Canadian actress (born 1981)

Christine Horne (born December 14, 1981, in Aurora, Ontario) is a Canadian actress. She received her BFA in Theatre at York University in 2004 and has since become an established stage actor in Toronto.

She has been nominated for three Dora Mavor Moore Awards for Outstanding Performance by a Female in a Principal Role, and won in 2010 for her role as The Governess in The Turn of the Screw.

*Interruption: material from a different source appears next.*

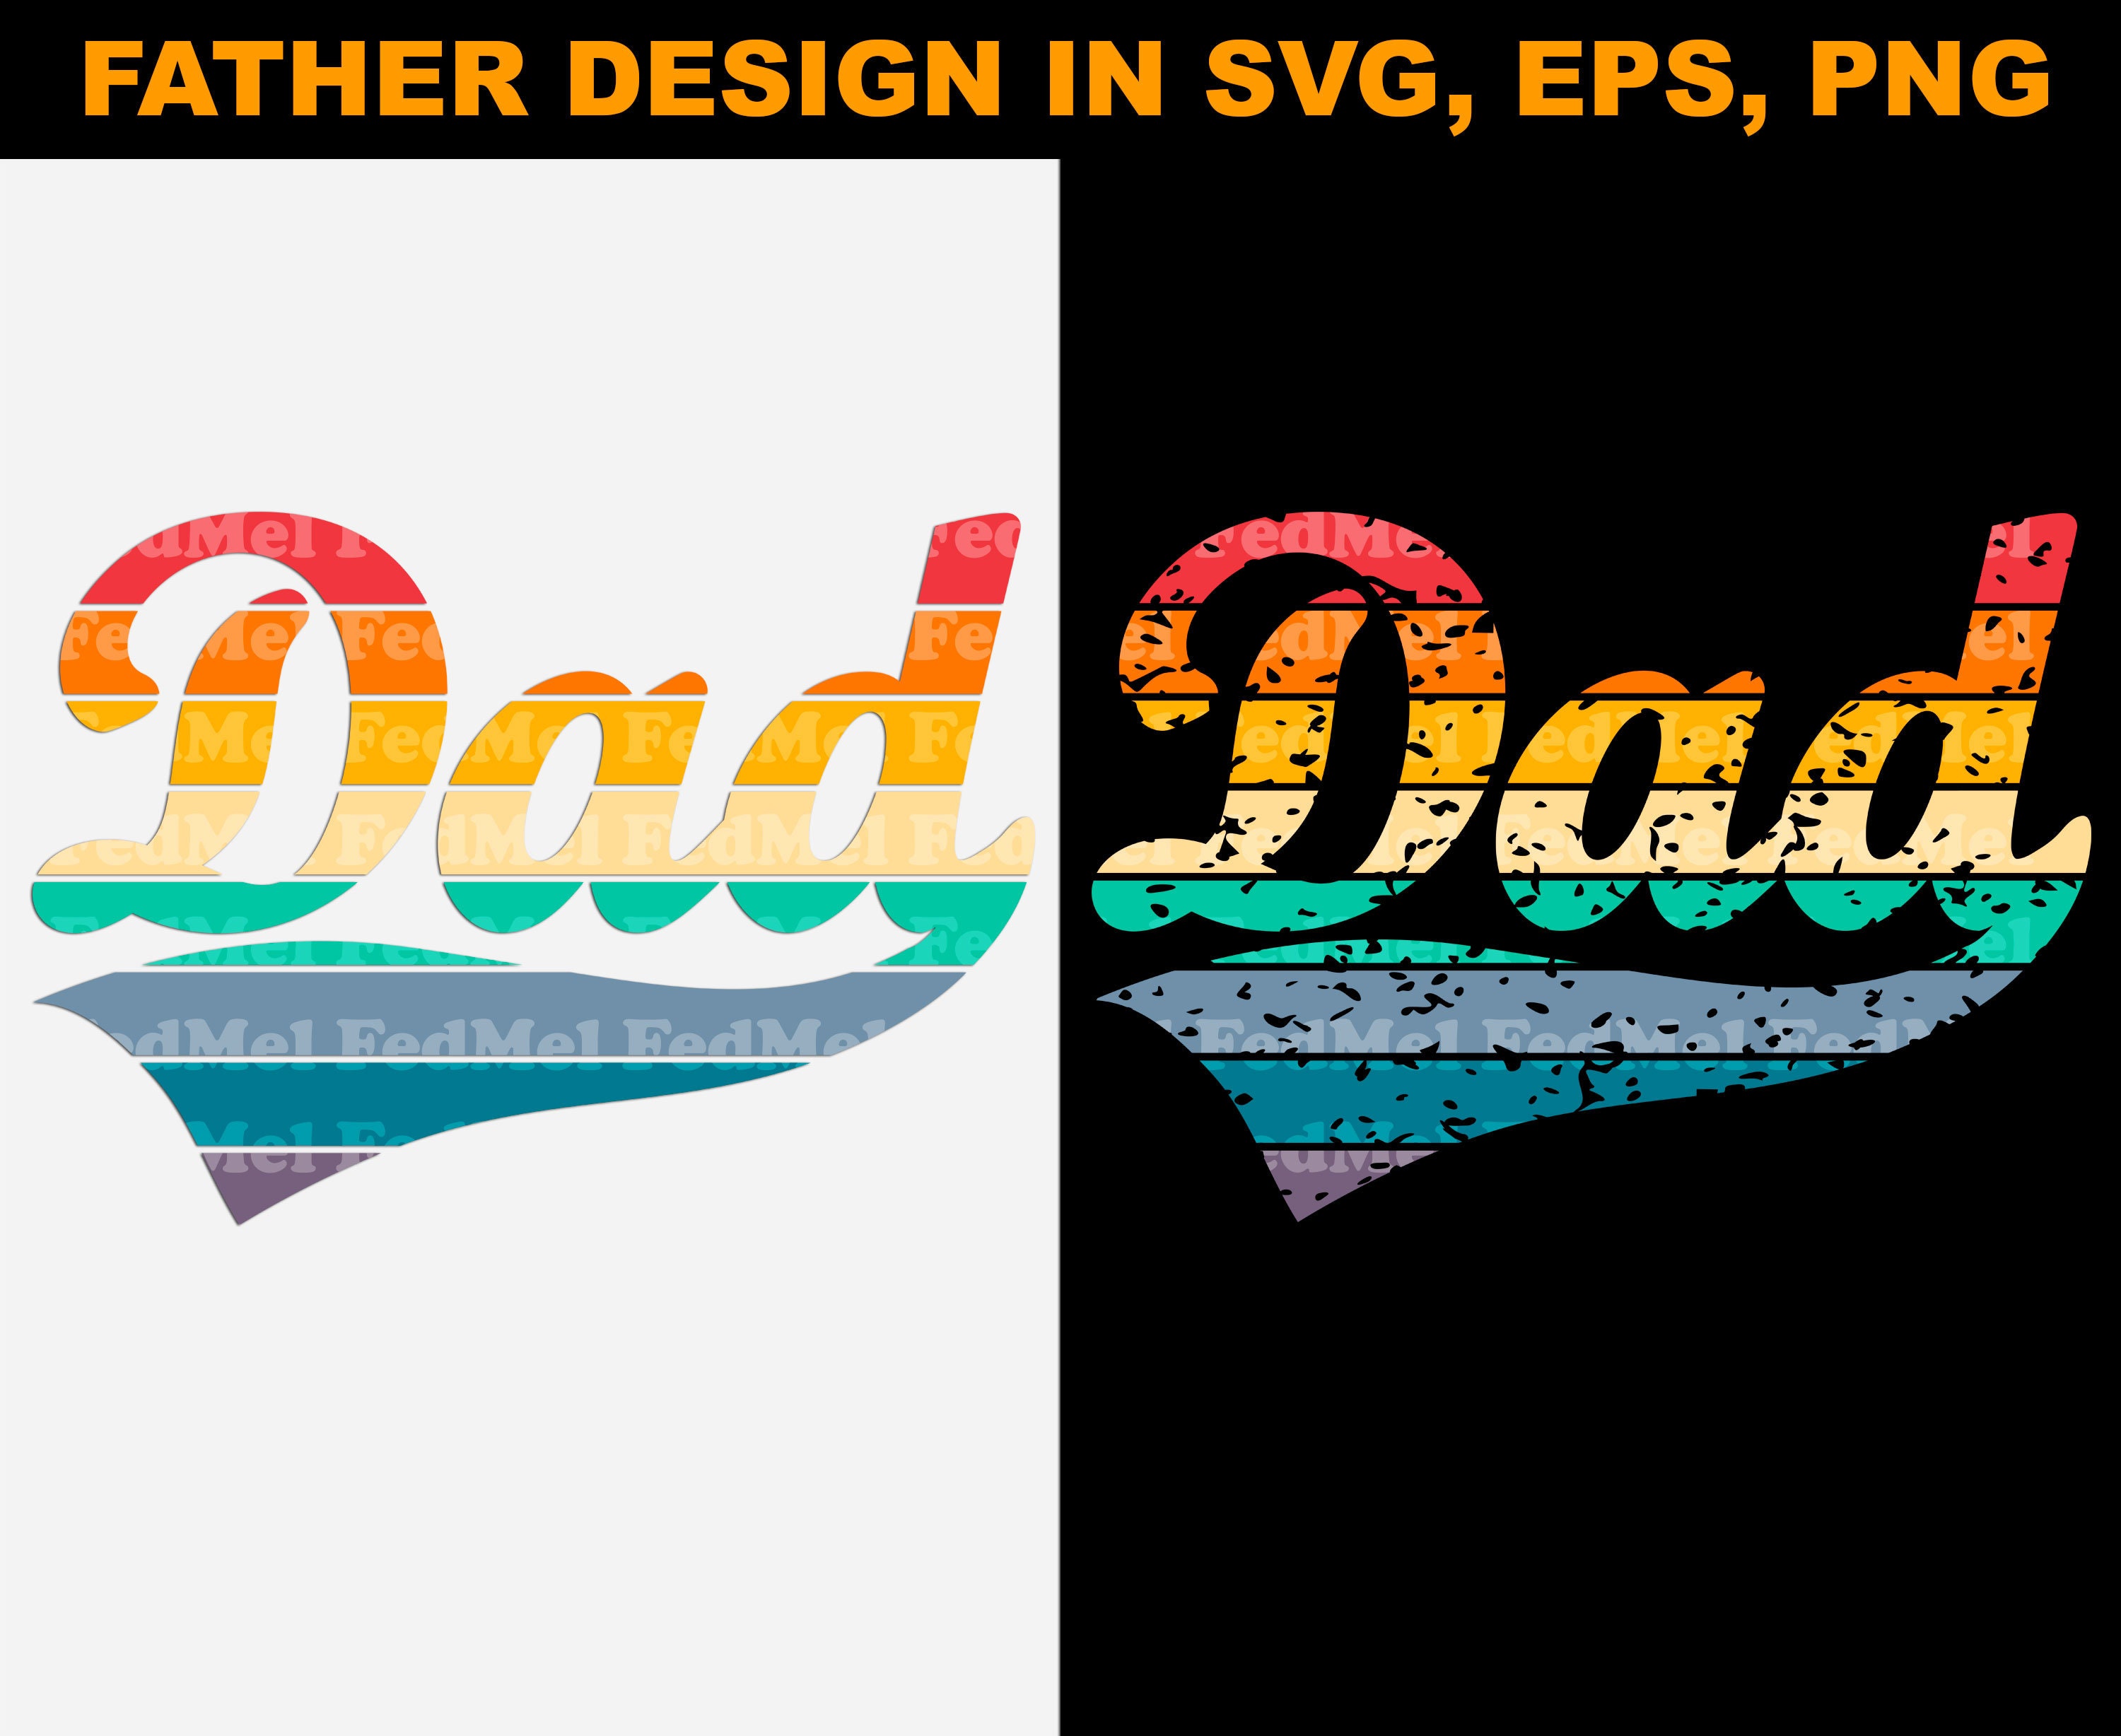 Dad design in svg png eps formats | Etsy

In 2019 she played Prince Hamlet in Ravi Jain's gender-flipped adaptation of Hamlet, opposite Ho Ka Kei as Ophelia.

She won the Canadian Screen Award for Best Guest Performance in a Drama Series at the 4th Canadian Screen Awards in 2016 for an appearance in Remedy, and was nominated in the same category at the 5th Canadian Screen Awards in 2017 for an appearance in Saving Hope. At the Vancouver Film Critics Circle Awards 2007, she was nominated for Best Supporting Actress in a Canadian Film for her role as the young Hagar Shipley in The Stone Angel.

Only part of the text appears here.